**THE PROBLEM:**
What is needed is an exact reproduction of the lines in the records below, starting at the line with "Ausstellung Bosco Gauting Oktober 2020" and ending at the line with "39块钱80GB的上海移动学生专用套餐来啦", both included, and nothing else; pictures stay out.

**DATA FOR THIS TASK:**

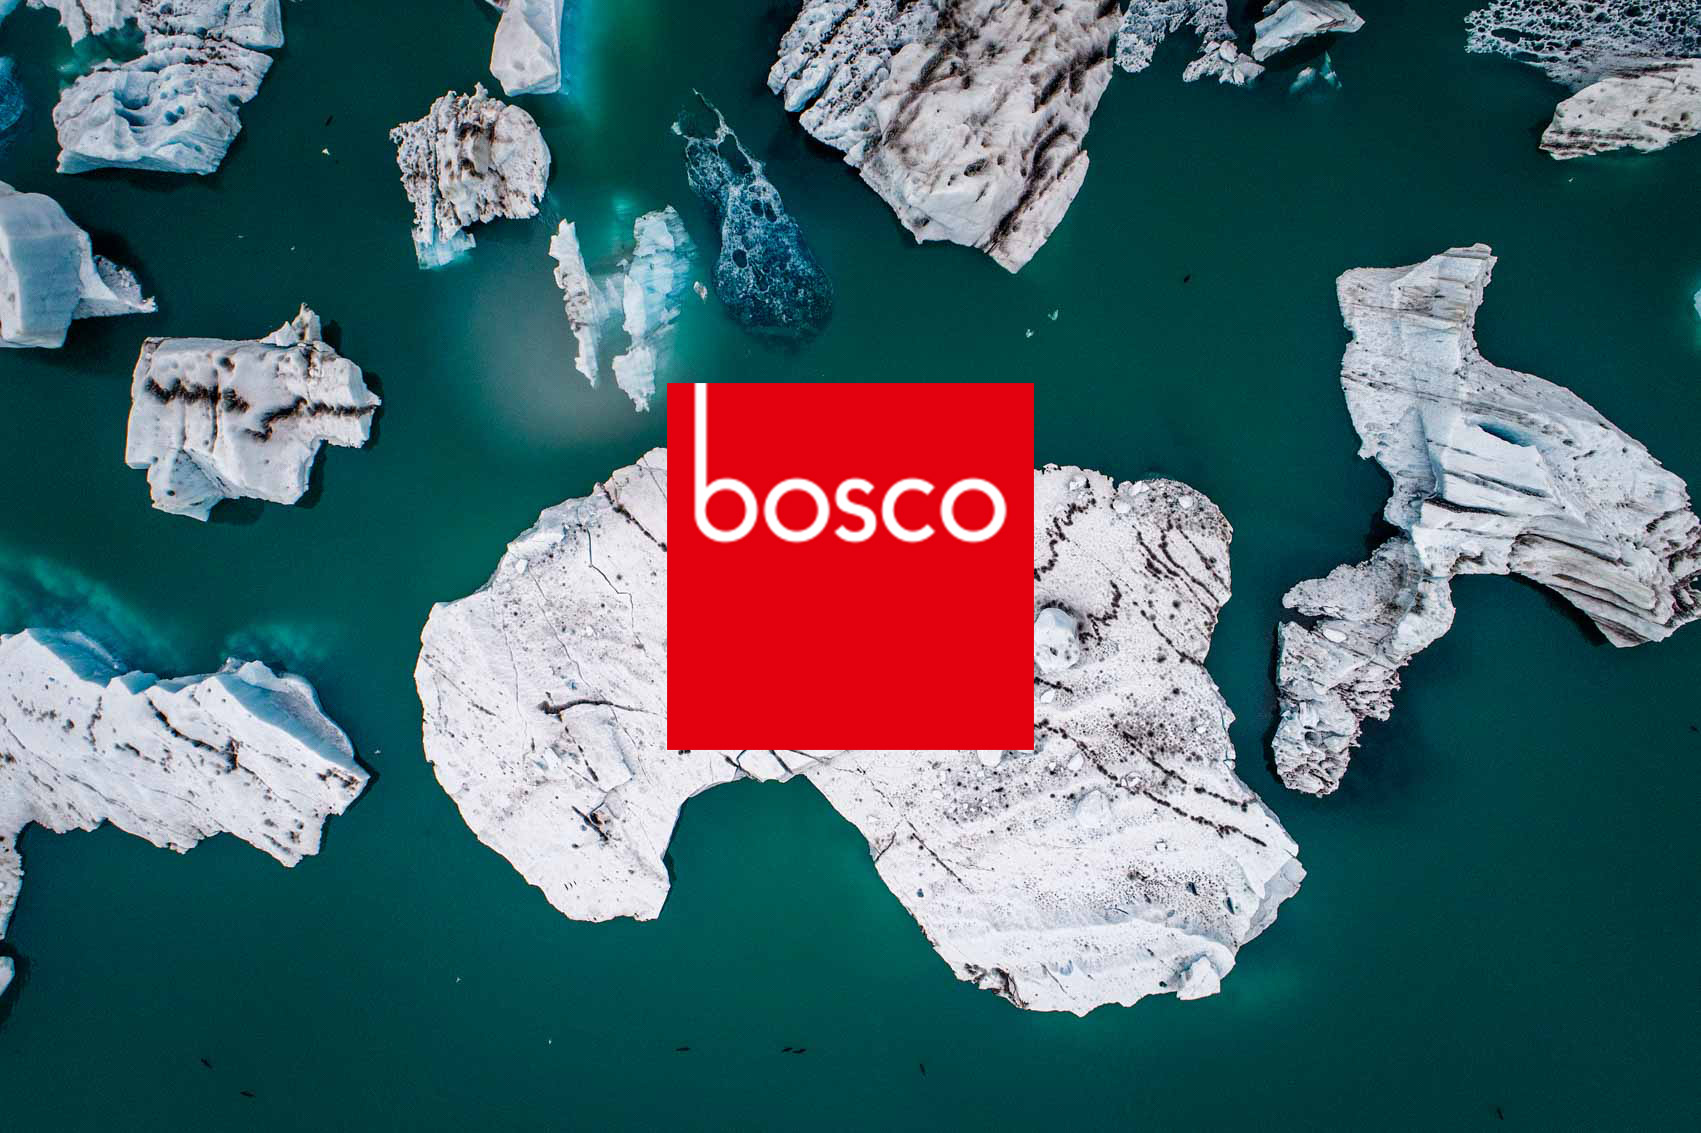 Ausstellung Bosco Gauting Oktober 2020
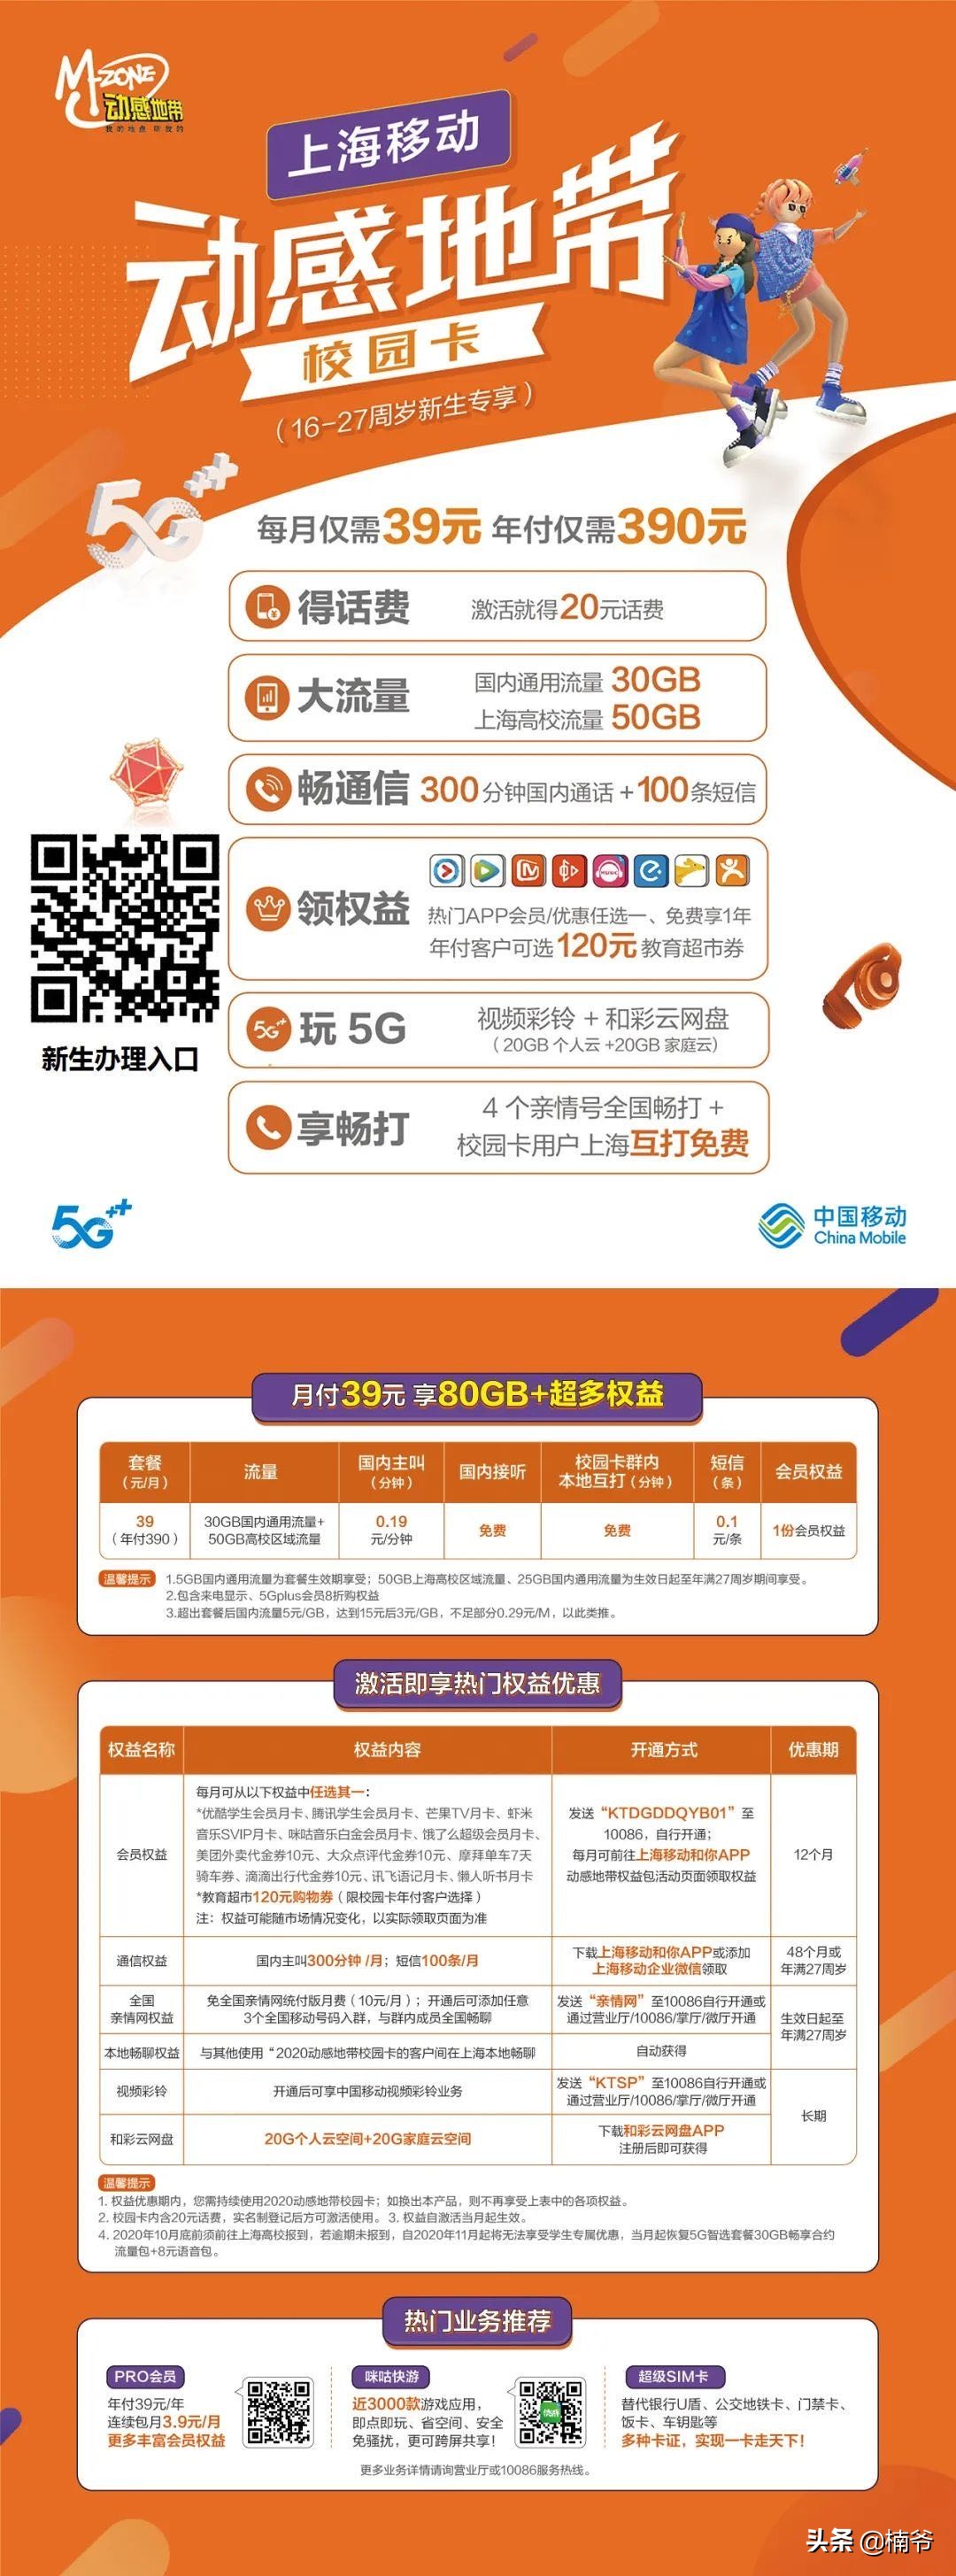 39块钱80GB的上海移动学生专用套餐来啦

==

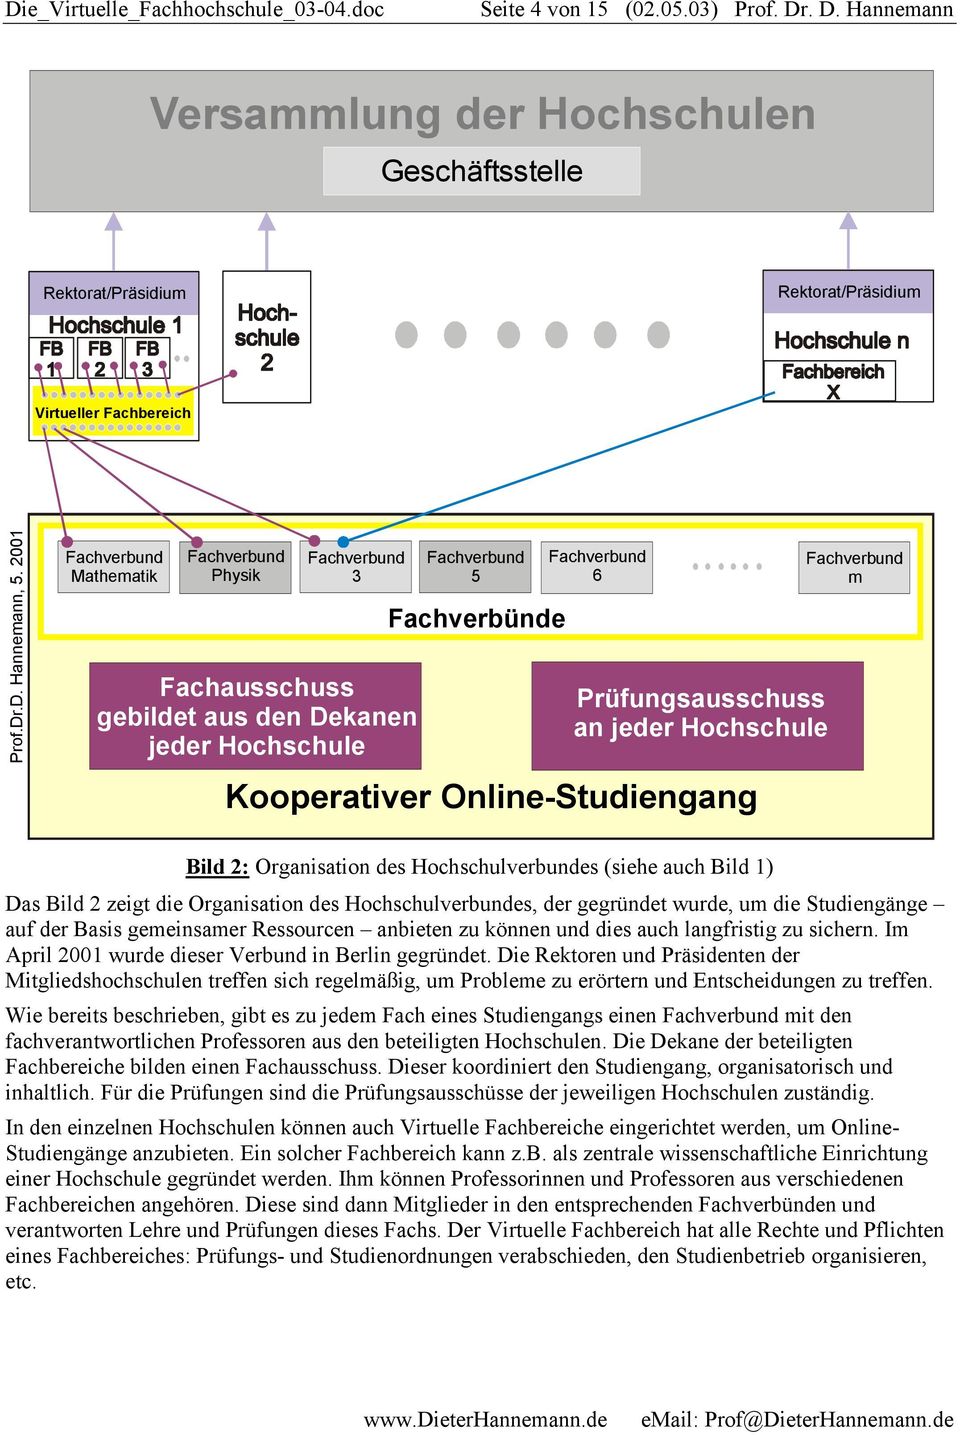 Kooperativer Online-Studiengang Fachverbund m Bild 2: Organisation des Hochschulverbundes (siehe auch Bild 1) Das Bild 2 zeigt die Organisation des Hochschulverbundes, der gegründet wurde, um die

**WRITTEN SOLUTION:**
 Ausstellung Bosco Gauting Oktober 2020
 39块钱80GB的上海移动学生专用套餐来啦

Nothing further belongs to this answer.